**Provided data:**
----------------
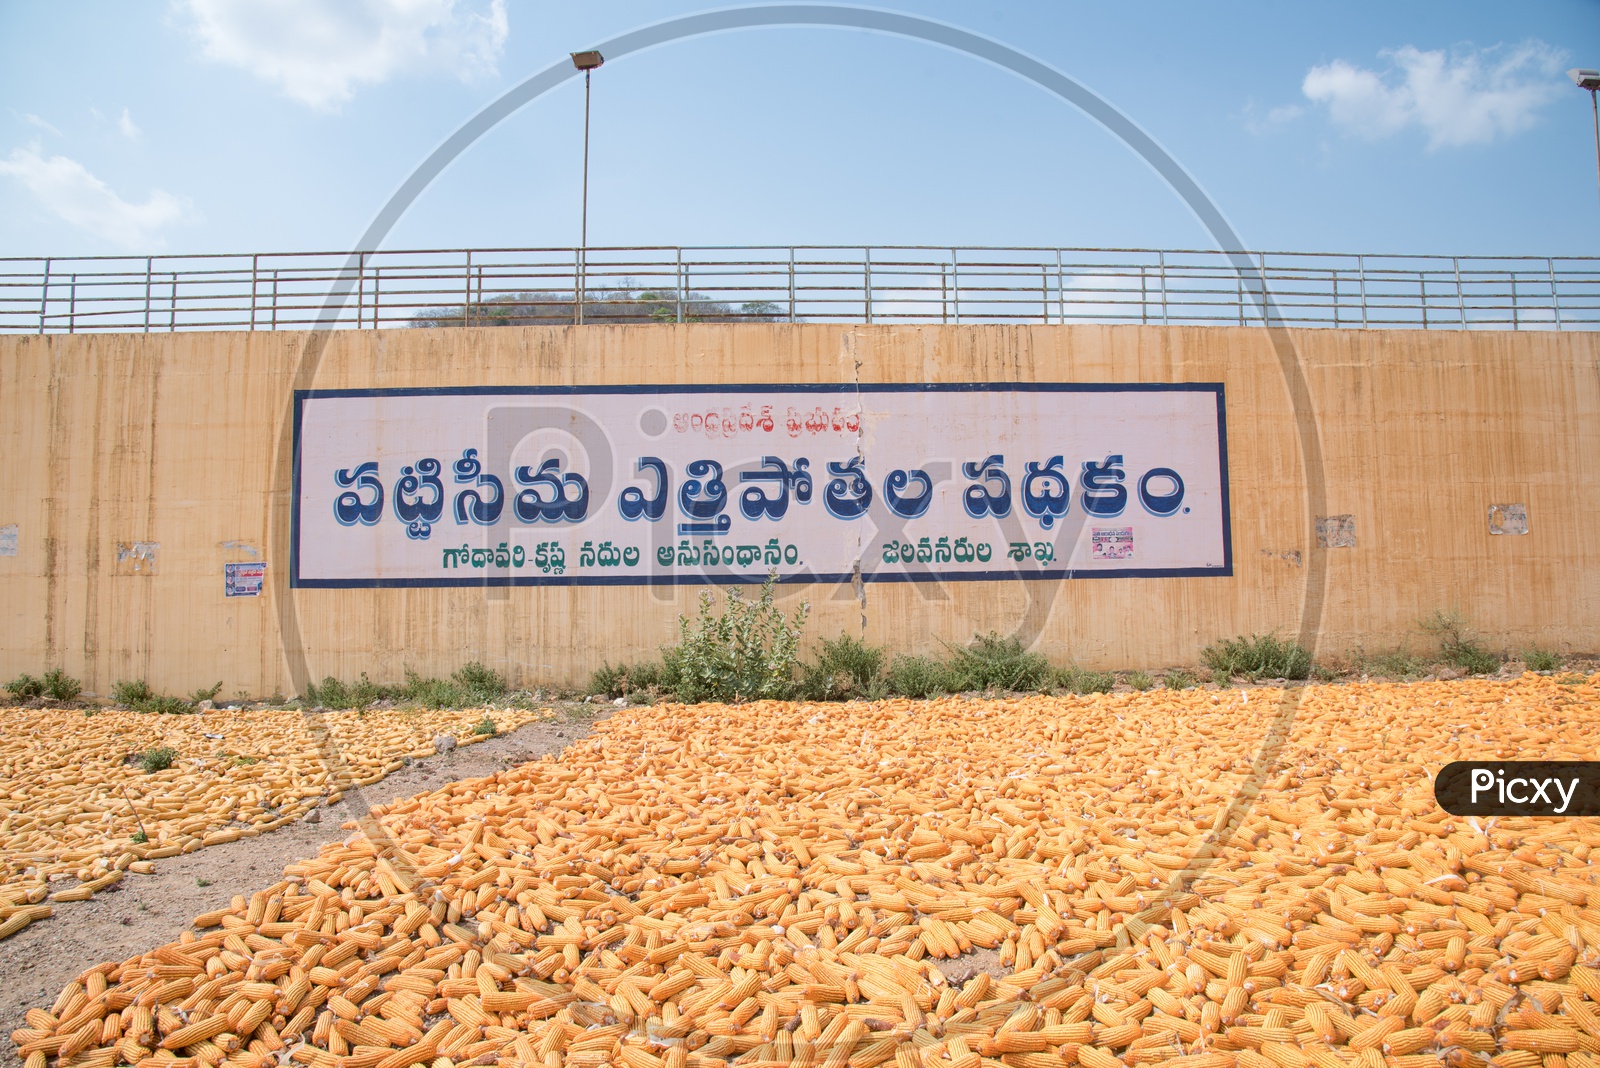 Pattiseema Lift Irrigation Project( Pattiseema Ethipothala Pathakam).
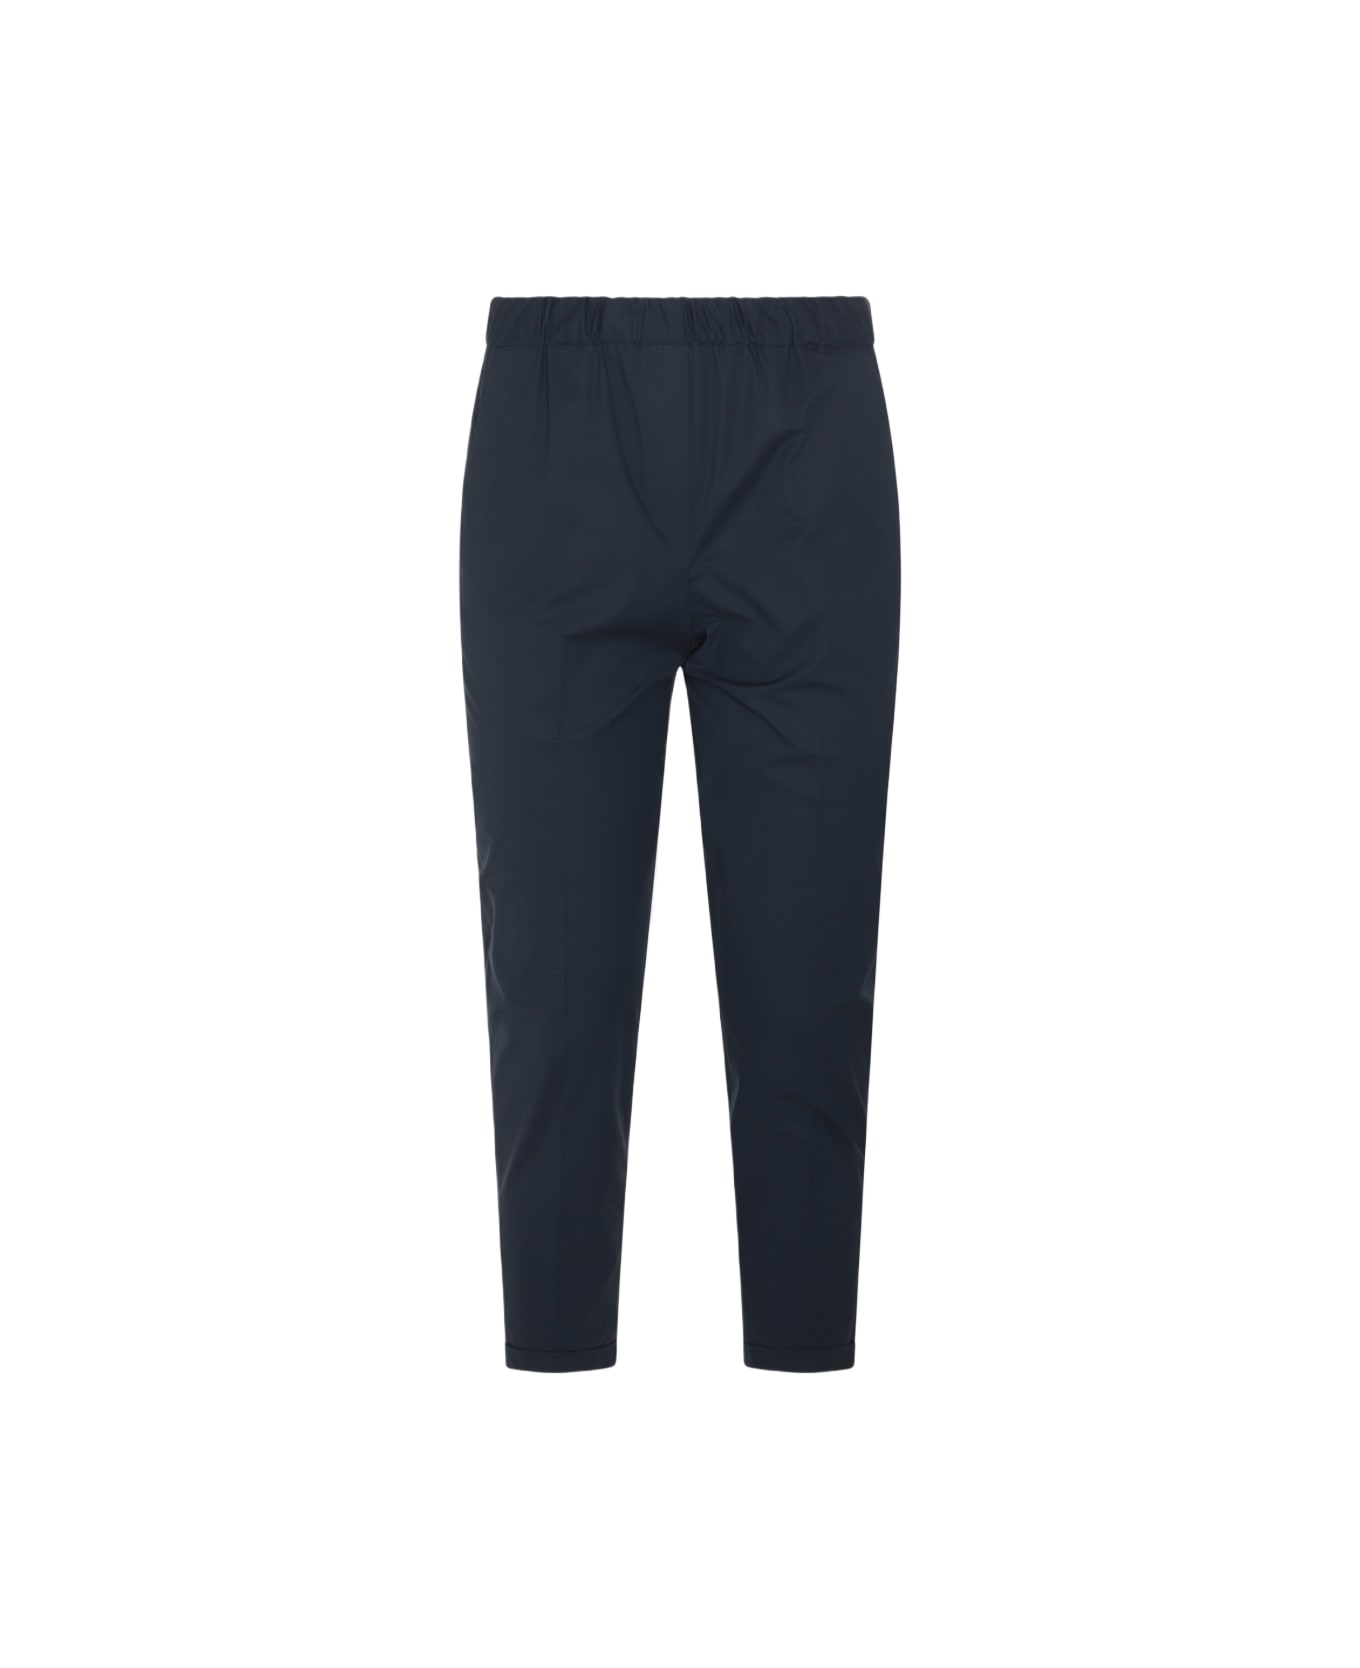 Antonelli Navy Blue Cotton Pants - Blue ボトムス
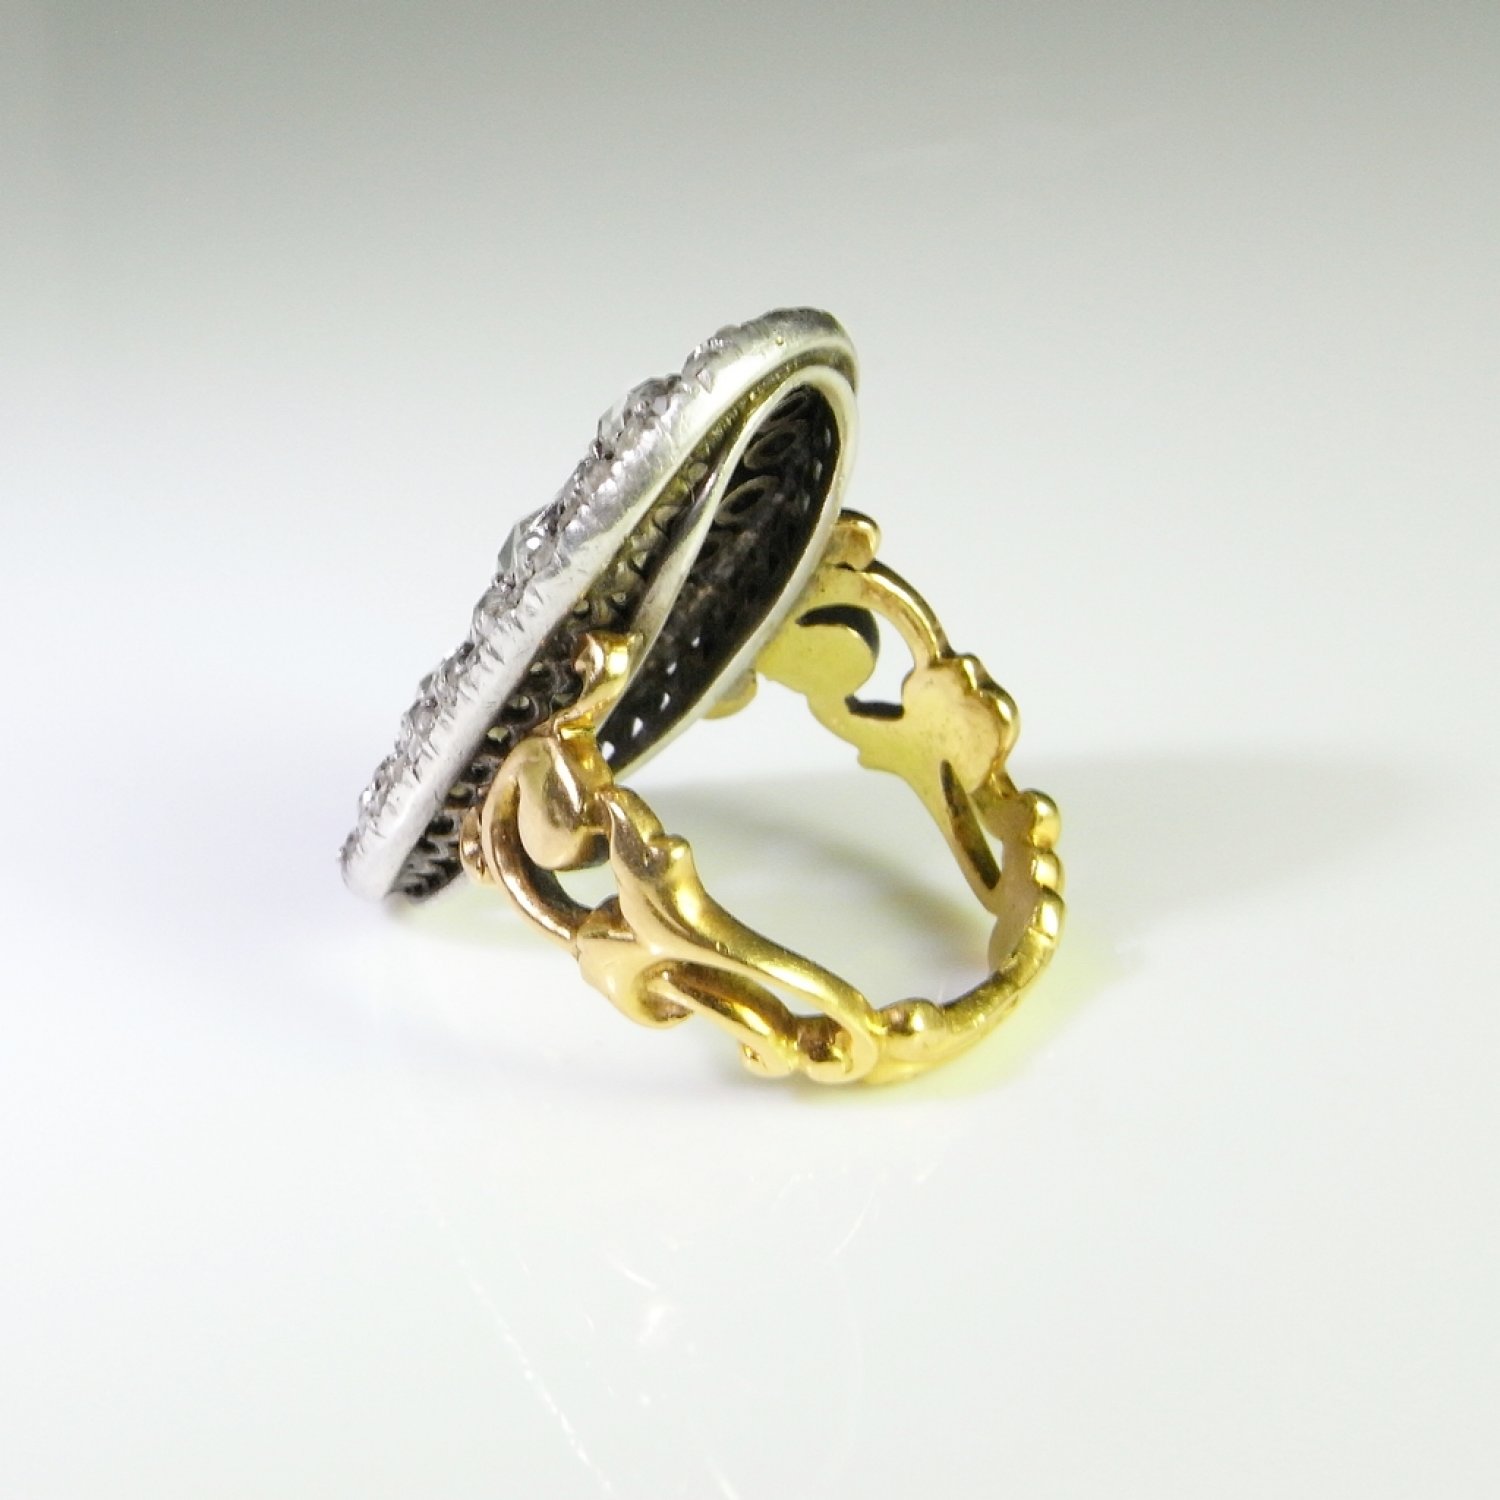 Georgian Ring 4.13 ct Georgian Diamond Ring 18th Century Ring Old Cut Diamond Engagement Ring Wedding Ring Statement Ring Dress Ring Antique Diamond Ring Panel Ring Museum Quality Cluster Diamond Ring
----------------
**Exercise:** The listing above must be printed again exactly, minus its pictures.

**Solution below:**
 Pattiseema Lift Irrigation Project( Pattiseema Ethipothala Pathakam).
 Antonelli Navy Blue Cotton Pants - Blue ボトムス
 Georgian Ring 4.13 ct Georgian Diamond Ring 18th Century Ring Old Cut Diamond Engagement Ring Wedding Ring Statement Ring Dress Ring Antique Diamond Ring Panel Ring Museum Quality Cluster Diamond Ring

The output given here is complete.